#### Exercise requirements
Please repeat exactly the lines below from the line with "CHEAP and CHIC" to the line with "Marked: I 40 / D 36 / F 36 / GB 8 / USA", including both, and leave out every picture.

#### Records
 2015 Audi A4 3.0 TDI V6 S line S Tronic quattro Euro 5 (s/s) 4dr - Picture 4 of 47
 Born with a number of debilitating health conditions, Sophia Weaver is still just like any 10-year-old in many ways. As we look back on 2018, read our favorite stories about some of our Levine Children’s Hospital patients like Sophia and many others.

==

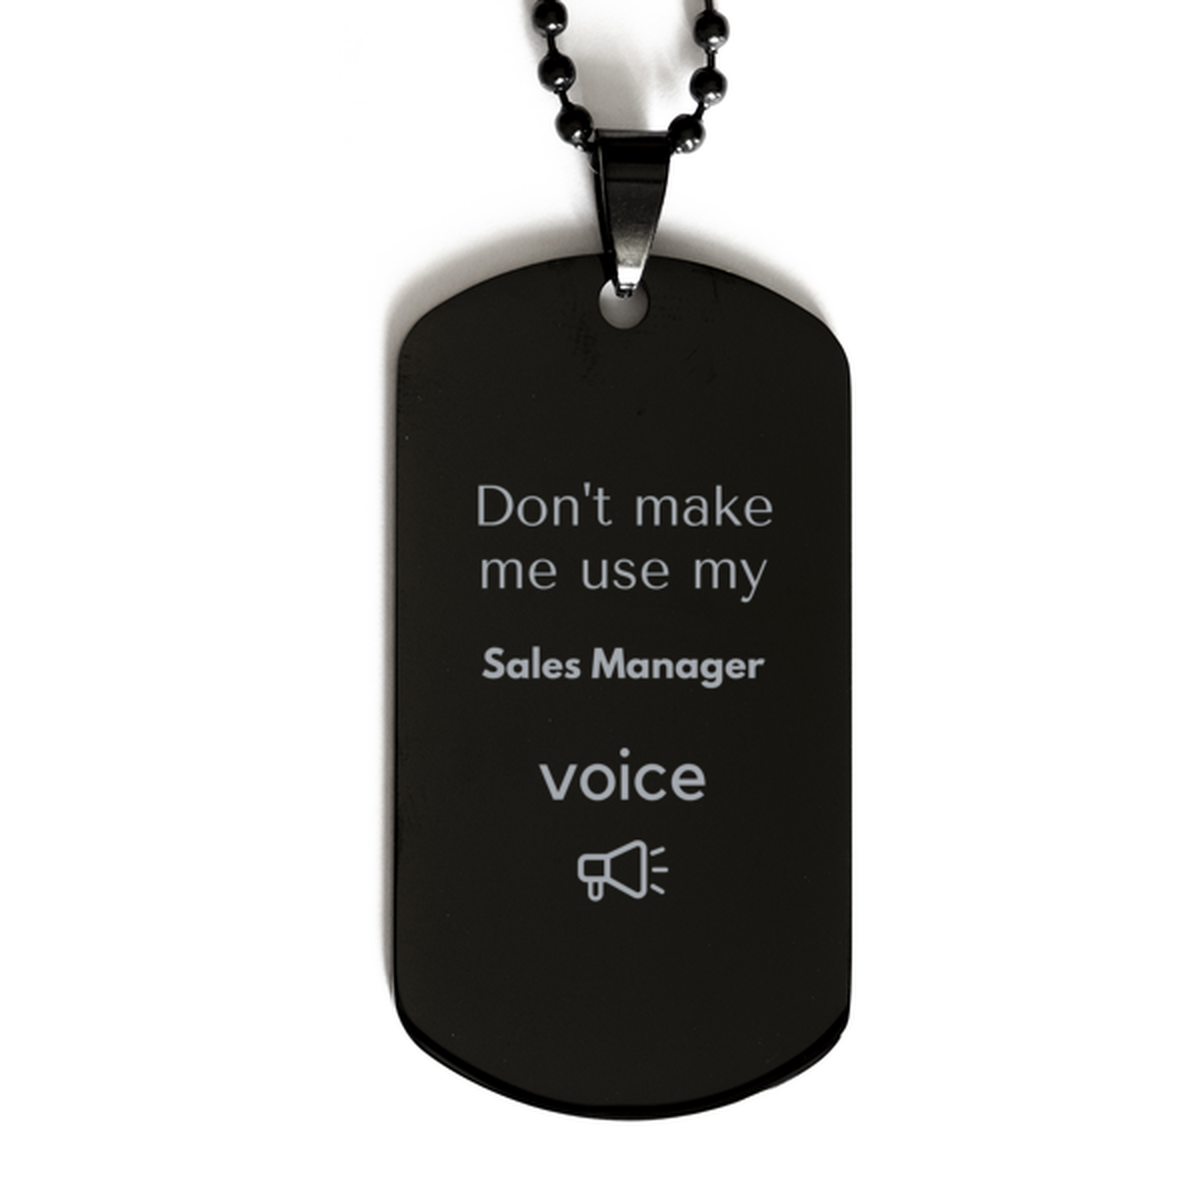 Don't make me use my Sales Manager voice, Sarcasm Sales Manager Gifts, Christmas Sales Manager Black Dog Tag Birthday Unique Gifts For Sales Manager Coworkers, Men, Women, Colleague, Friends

--

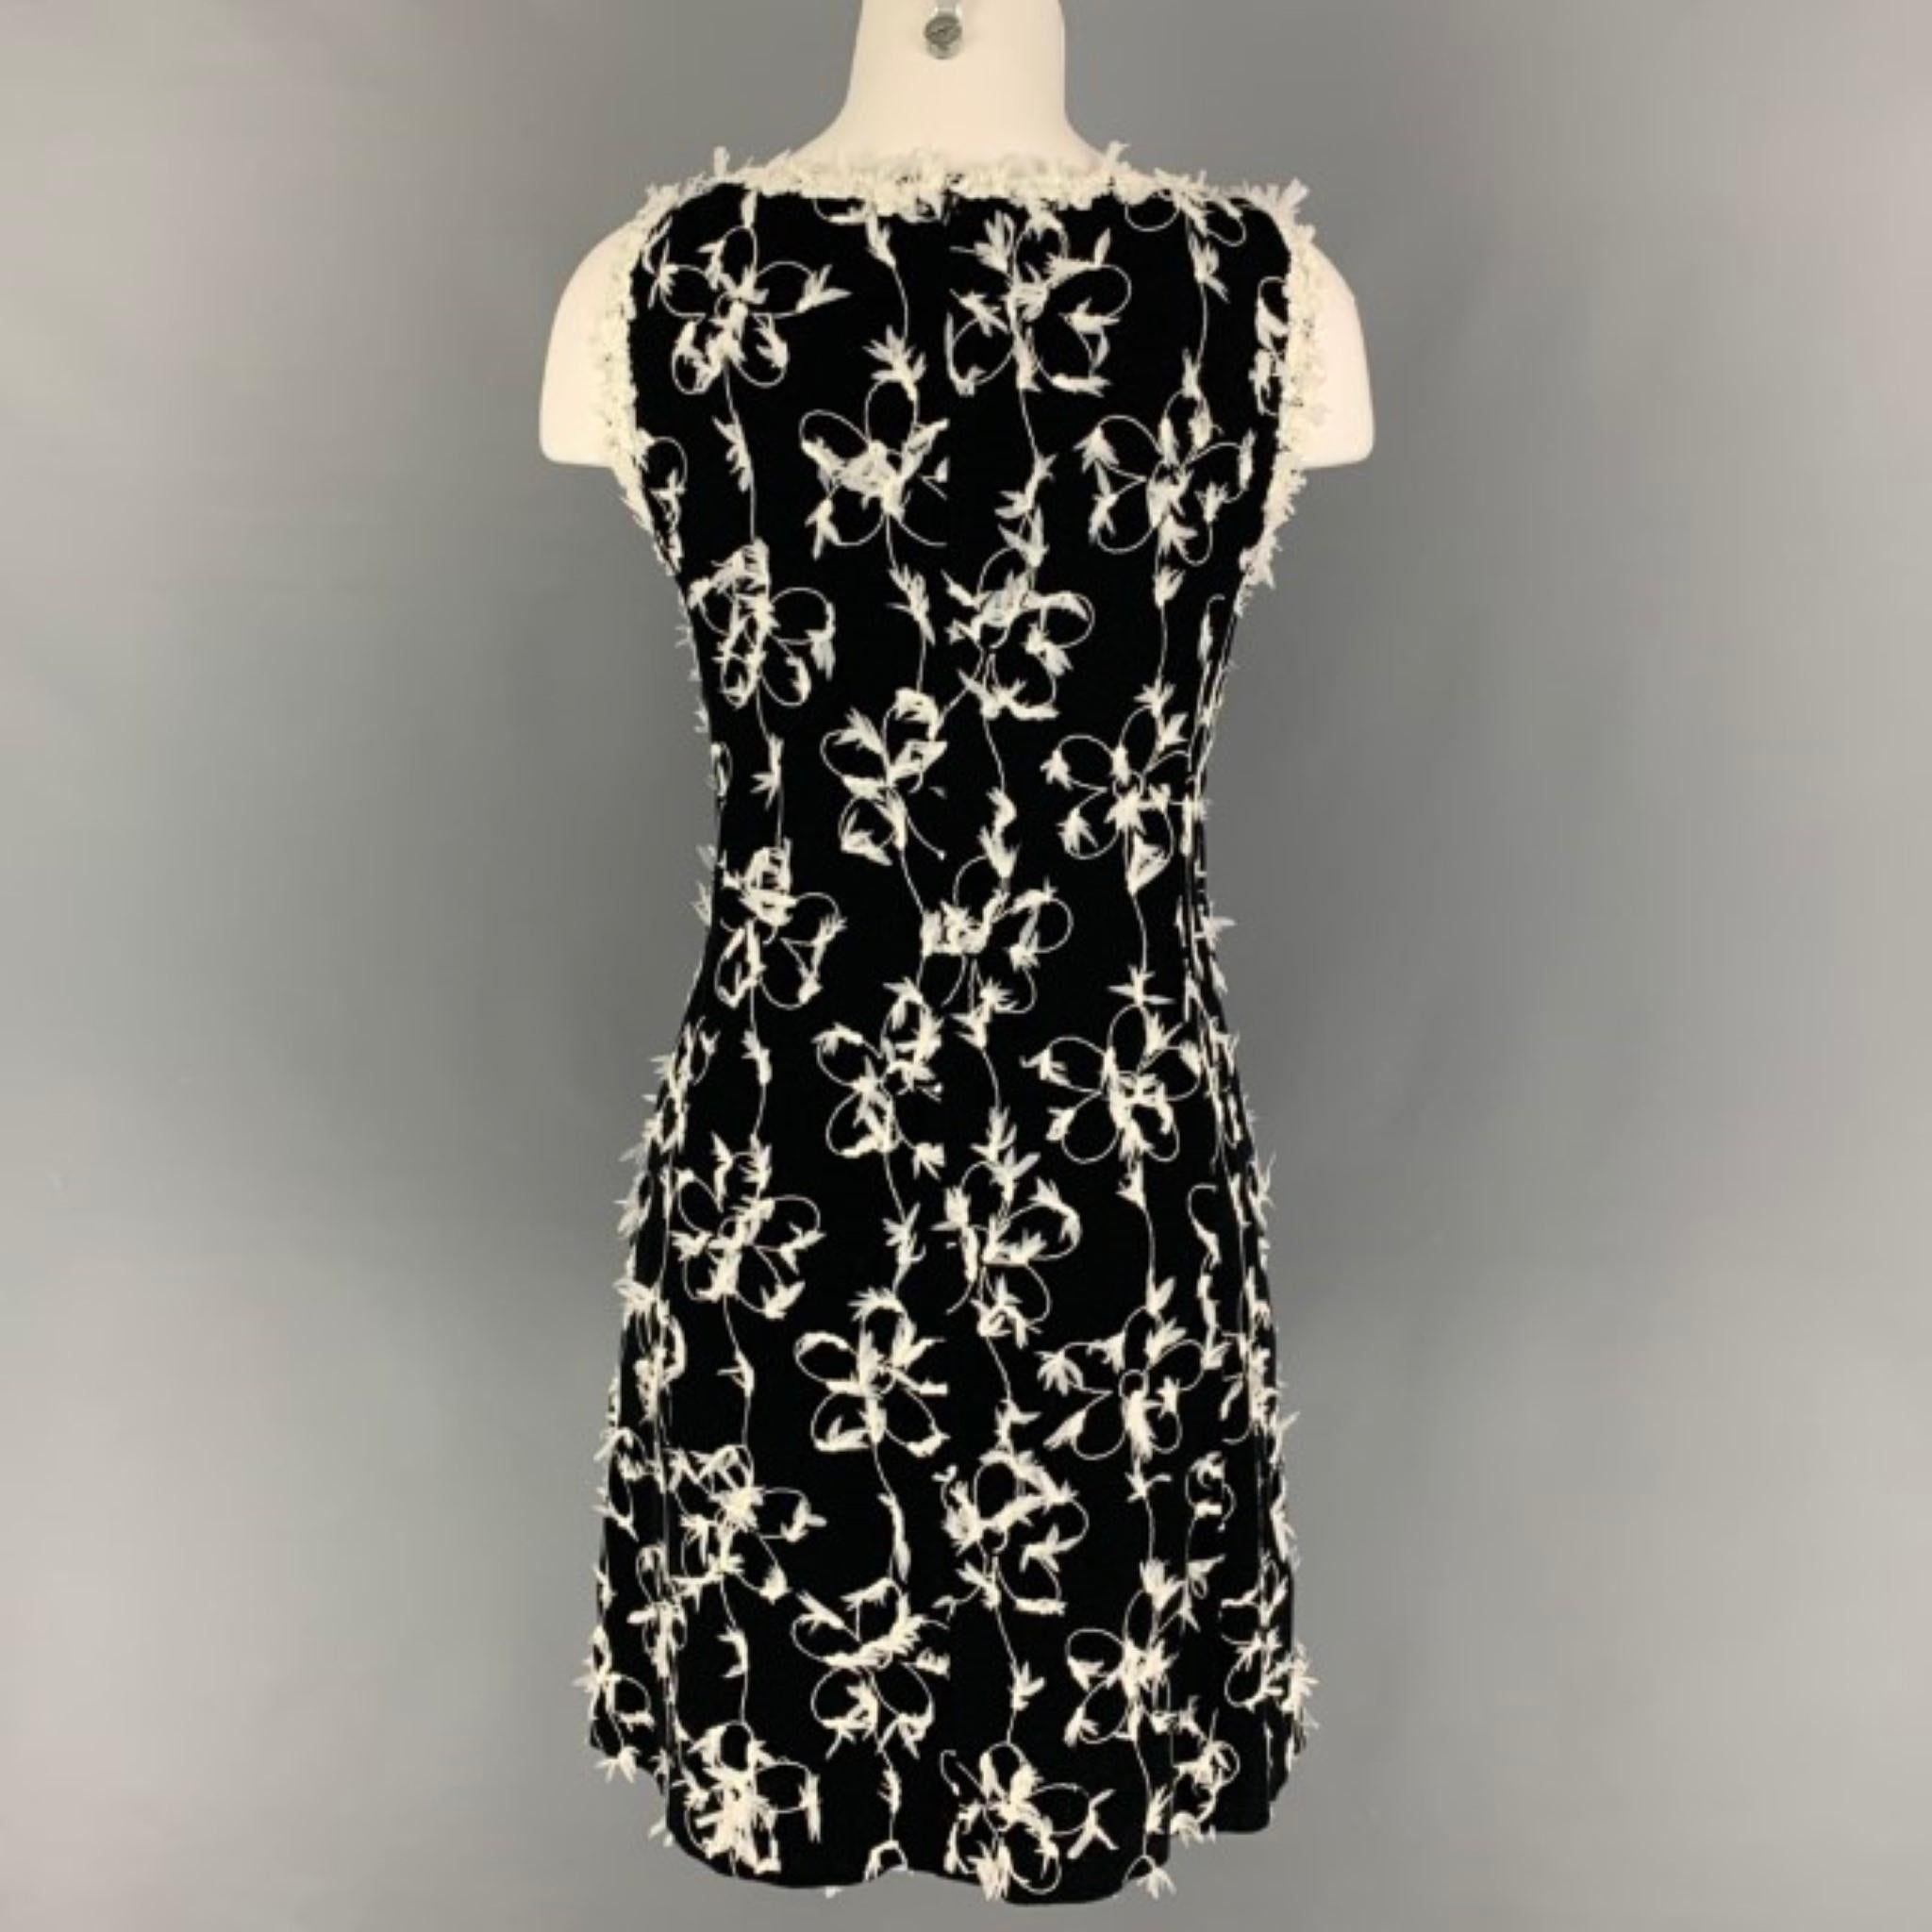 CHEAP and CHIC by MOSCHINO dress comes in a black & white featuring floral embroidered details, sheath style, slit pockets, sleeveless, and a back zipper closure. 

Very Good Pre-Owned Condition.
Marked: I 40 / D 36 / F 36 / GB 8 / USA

#### Exercise response
 CHEAP and CHIC by MOSCHINO dress comes in a black & white featuring floral embroidered details, sheath style, slit pockets, sleeveless, and a back zipper closure. 

Very Good Pre-Owned Condition.
Marked: I 40 / D 36 / F 36 / GB 8 / USA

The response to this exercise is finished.